Hartford Fire Ins. Co. v. Smith

Decision Date01 October 1877
Citation3 Colo. 422
PartiesHARTFORD FIRE INS. CO. v. SMITH et al.
CourtColorado Supreme Court

Error to Probate Court of Arapahoe County.

THIS was an action of assumpsit brought by Smith and another, the defendants in error, against the plaintiff in error, upon a policy of insurance against loss by fire. The jury rendered a verdict in favor of the plaintiffs below, and judgment was entered on the verdict. The fact are sufficiently stated in the opinion.

Messrs SAYRE, WRIGHT & BUTLER, for plaintiff in error.

Mr. C S. THOMAS, and Mr. T. M. PATTERSON, for defendants in error.

THATCHER C. J.

By the terms of the policy the assured were required, in case of loss, to give immediate notice thereof to the company. On the day after the fire, Kassler & Patterson, local agents of the company, whose duty it was, in the event of loss, to notify their principal, wrote a letter to G. F. Bissell, general agent of the company at Chicago, apprising him of the loss. On the same day, and after the letter was written, the assured notified Kassler & Patterson of the loss, and were informed by them that it was already known to them, and that they hd signified the same by letter to the company. Was this notice of loss given to the local agents sufficient? It has been held that where the policy requires the notice to be given to a particular officer or agent of the company, that notice to any other officer or agent than the one designated would not be a substantial compliance with the provisions of the policy, and that it would, therefore, be insufficient. But the policy under consideration contains no such restrictions. The assured are, therefore, free to give the company notice in any manner they choose. The only requirement is that the company be apprised of the loss immediately after it occurred. The notice given to the agents must, under a proper construction of the assured's contract, be held to be a notice to the company. Killips v. The Putnam Fire Insurance Co., 28 Wis. 480.

The fact that the occupancy of the building insured was changed after the issuance of the policy is not deemed to be material. The statement in the policy that the insured building was 'occupied by the tenant for a boarding-house,' was but an affirmation of its then existing condition, not promissory in its character.

It is not to be regarded as a a warranty that the building would continue to be occupied in the same way. If a continuing warranty had been intended, it is to be supposed it would have been expressed in more apt language. Where appropriate words are employed, descriptive of the present use of insured premises, courts will not construe them into a promissory stipulation that the use of the premises shall remain unchanged, unless the intention of the parties to that effect is clearly manifest. Blood v. Howard Fire Ins. Co., 12 Cush. 472; Smith v. Mechanics & Traders' Ins. Co., 32 N.Y. 399; Hough v. City Fire Ins. Co., 29 Conn. 10.

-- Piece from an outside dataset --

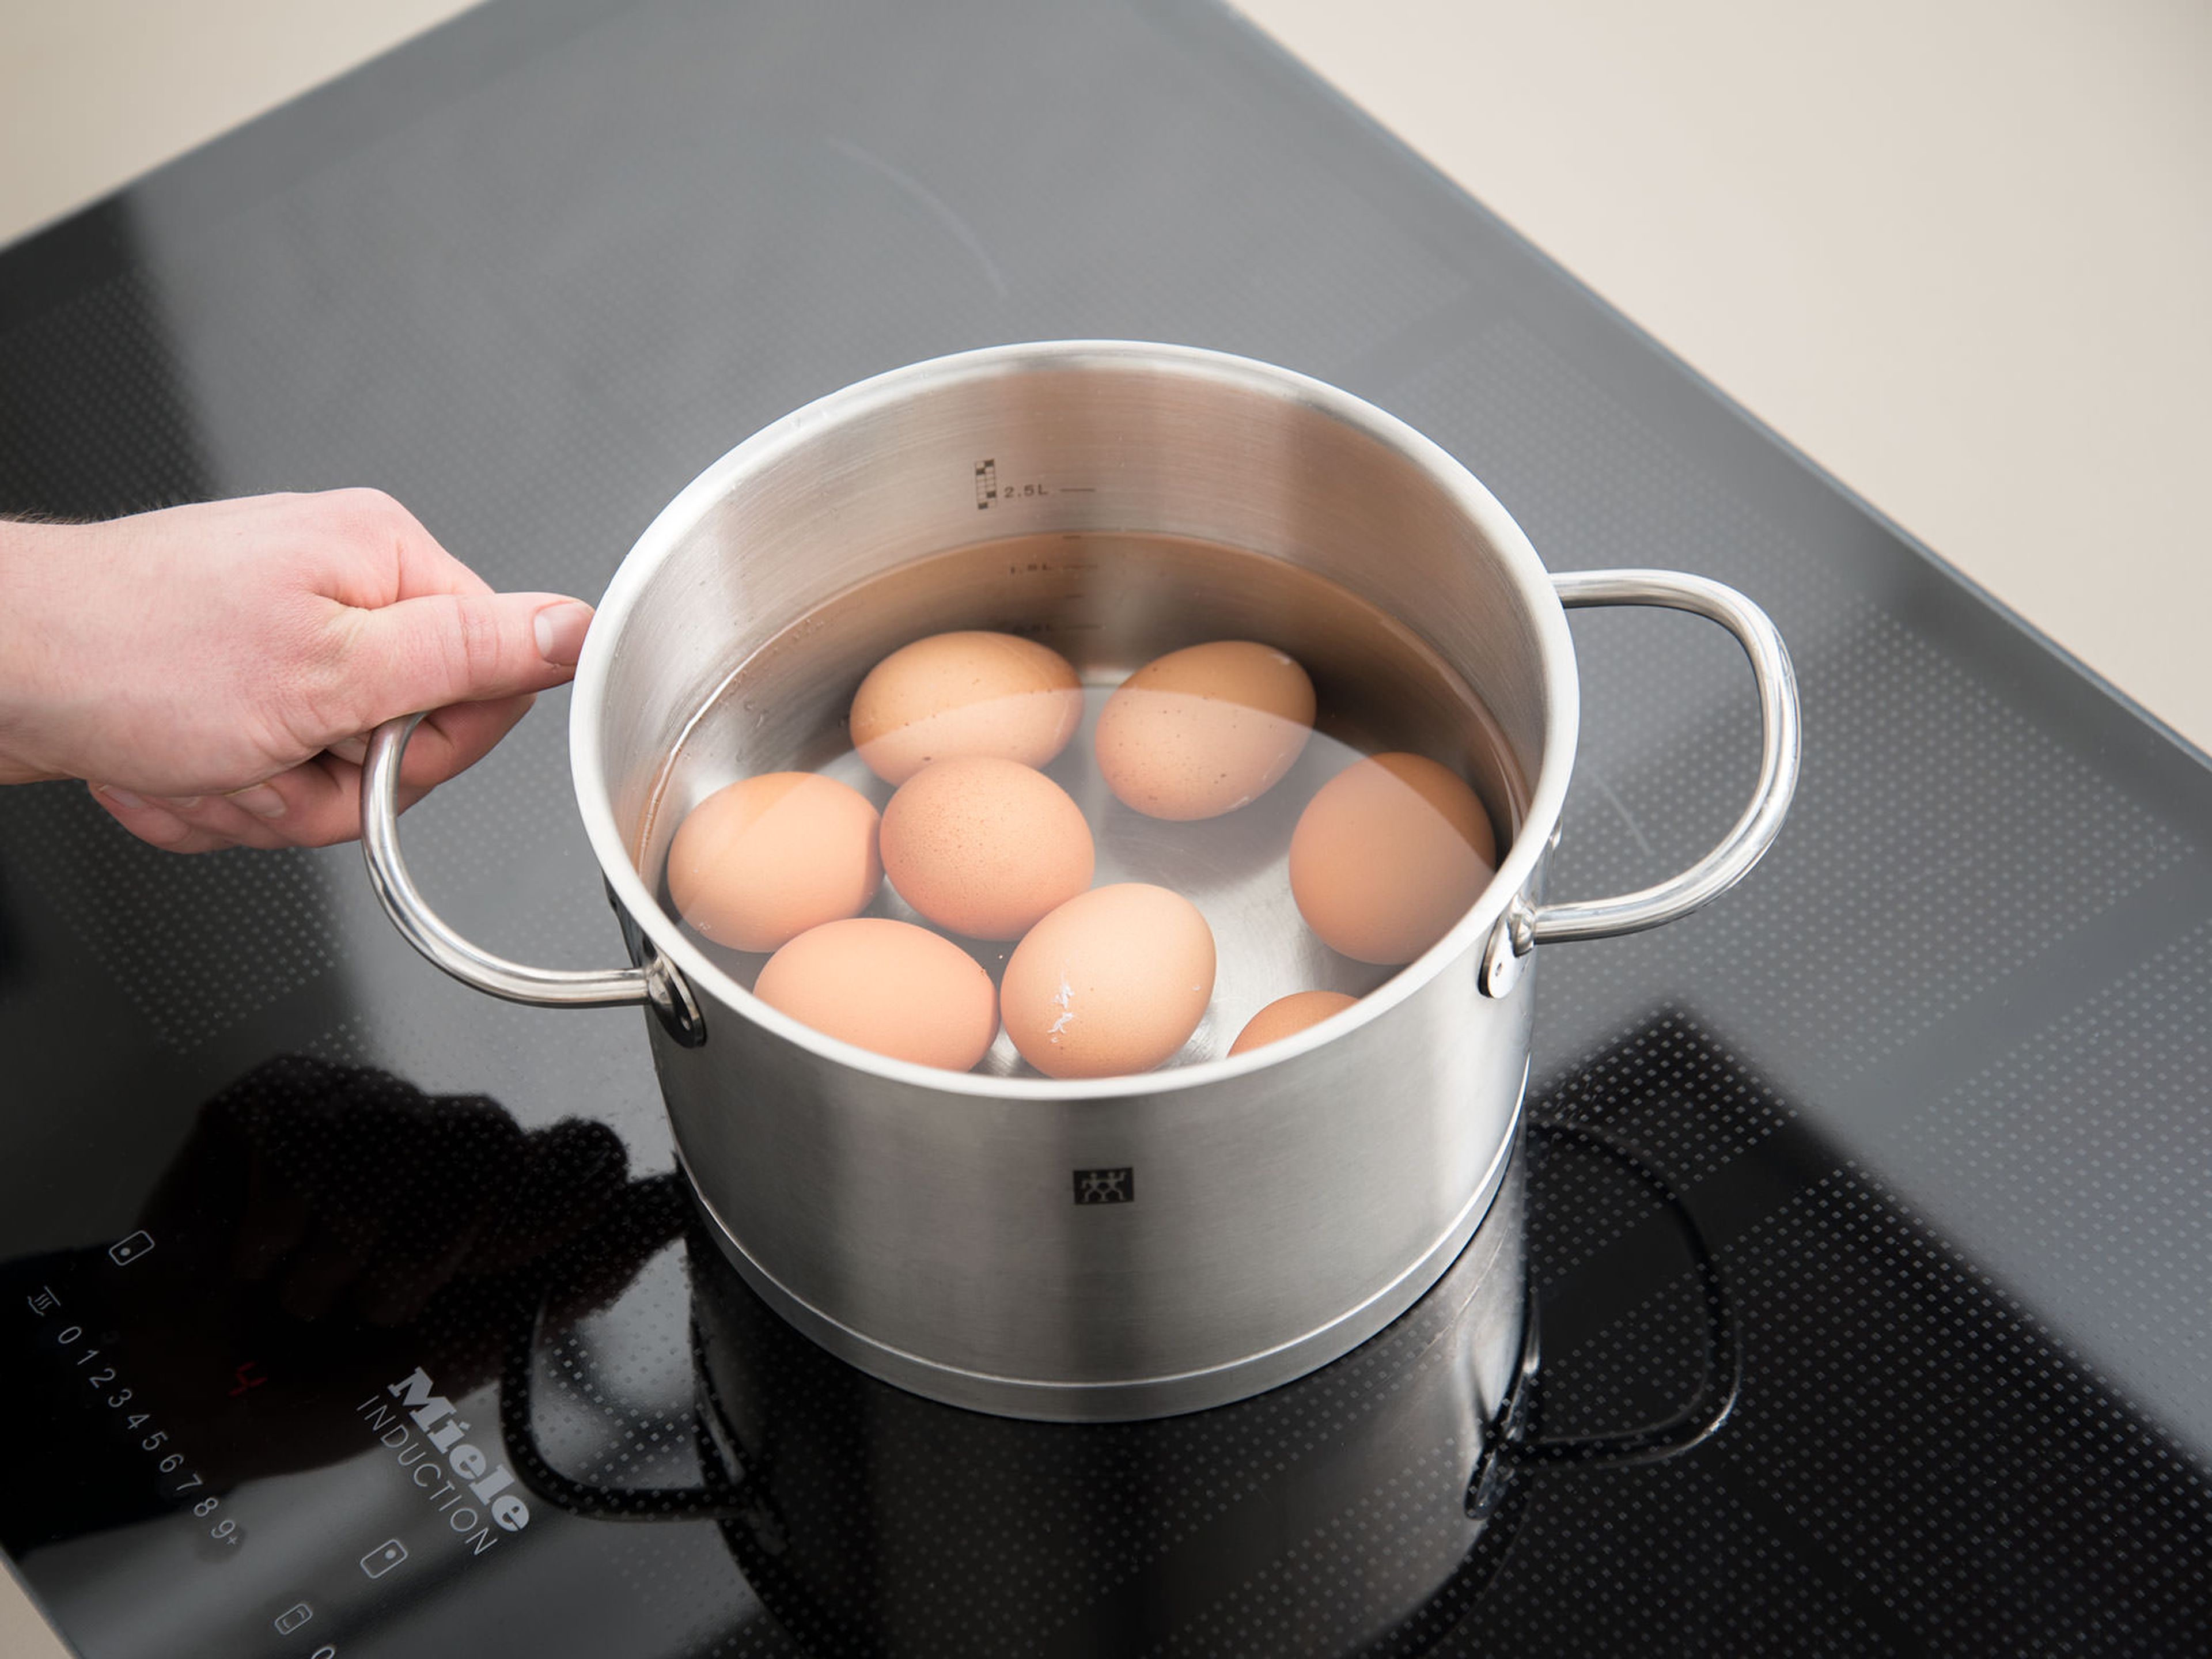 Add eggs to a pot with water. Bring to a boil and cook for approx. 8 min. or until hard-boiled.
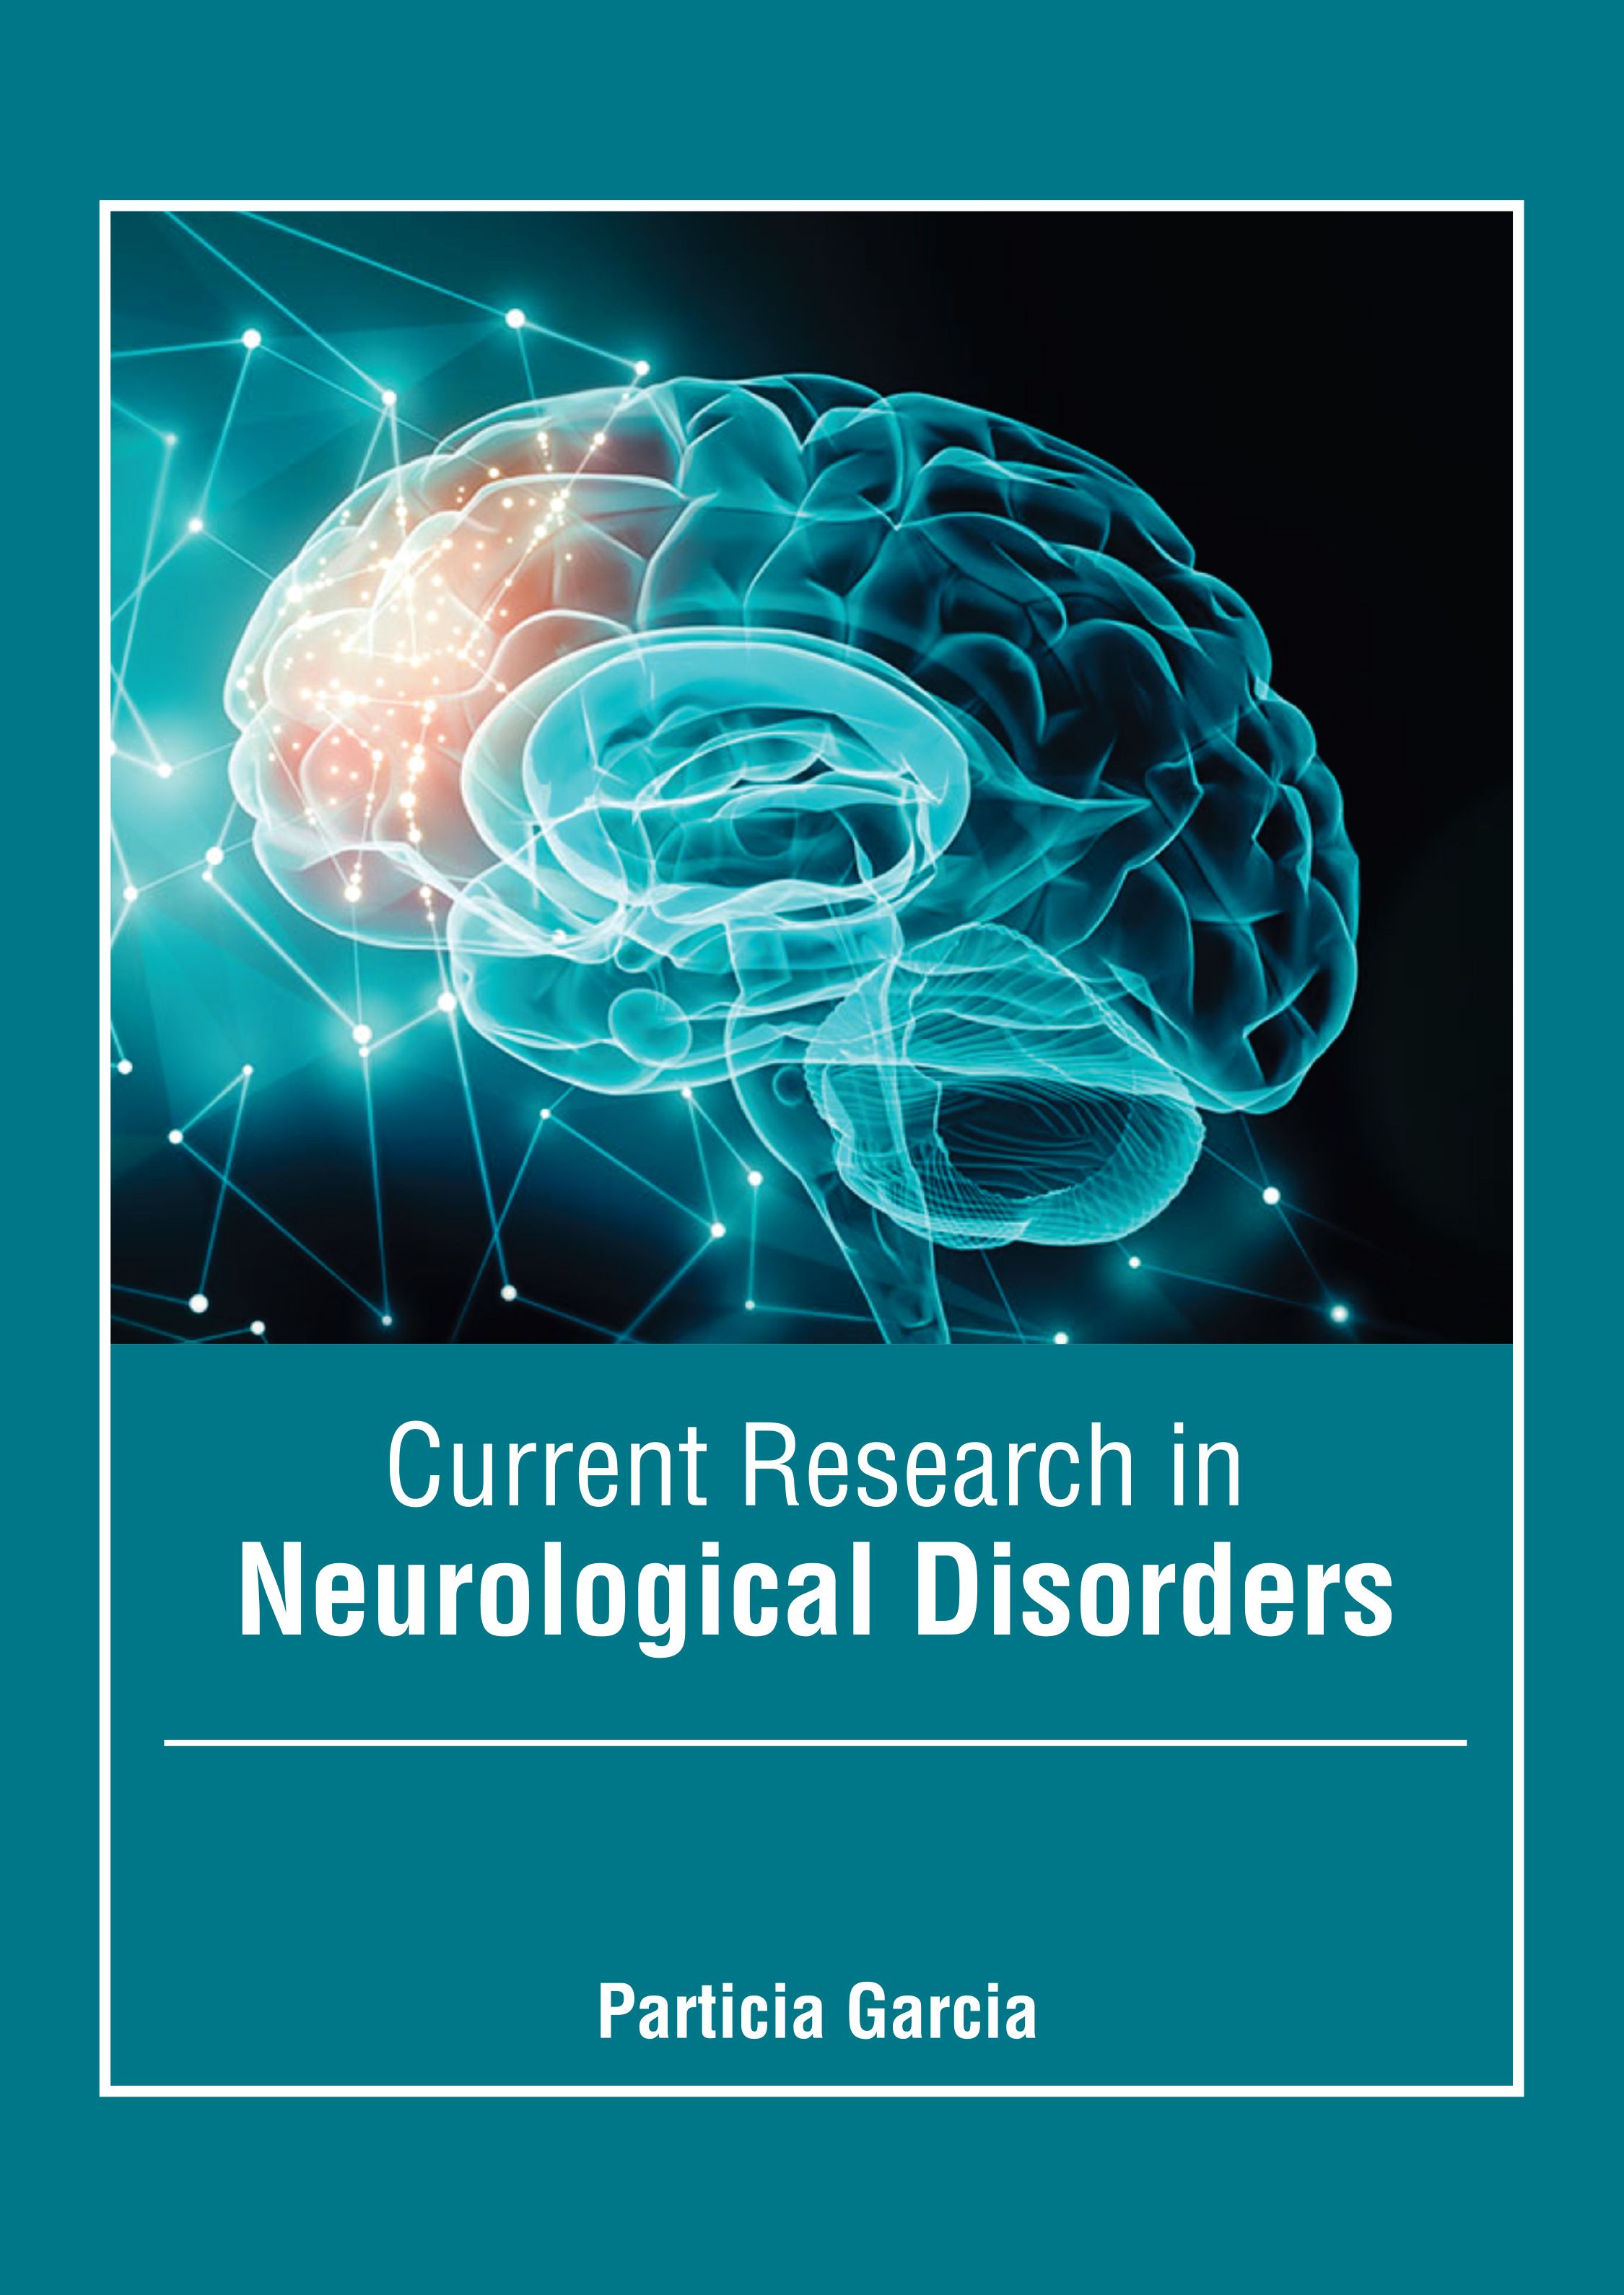 CURRENT RESEARCH IN NEUROLOGICAL DISORDERS

It is provided in the policy that 'if the premises hereby insured shall become vacant or unoccupied * * * this policy shall be void.' Were the premises vacant or unoccupied within the meaning of the policy at the time of the fire? The building was no longer used as a boarding-house, but as we have seen, the insured were under no obligation to continue its use for that purpose. When the boarding-house tenant vacated the building, Mr. Feely at once occupied it, and continued its occupation until it was burned down. He was engaged in repairing the building, and slept therein every night. One of the rooms was furnished, and used by him as a sleeping apartment. The fact that he took his meals elsewhere does not, in our opinion, operate to defeat the policy. We do not think that the company, by requiring that the building should be occupied, stipulated for a higher degree of care and watchfulness than the occupancy by Mr. Feely implies. While we shall endeavor to guard the rights of insurance companies by a fair and reasonable construction of their contracts, we cannot consent to see frittered away the rights of the insured by an illiberal and unjust interpretation of a policy designed for their (the insured's) protection. We are of opinion that the building did not become vacant or unoccupied within the meaning of the policy. In this view one of the objections of the general manager to the preliminary proof, viz: that the insured failed to set forth the occupancy of the building, is not valid. The statement 'that the building insured and destroyed was occupied by Patrick Feely as a lodging-house' is sufficient.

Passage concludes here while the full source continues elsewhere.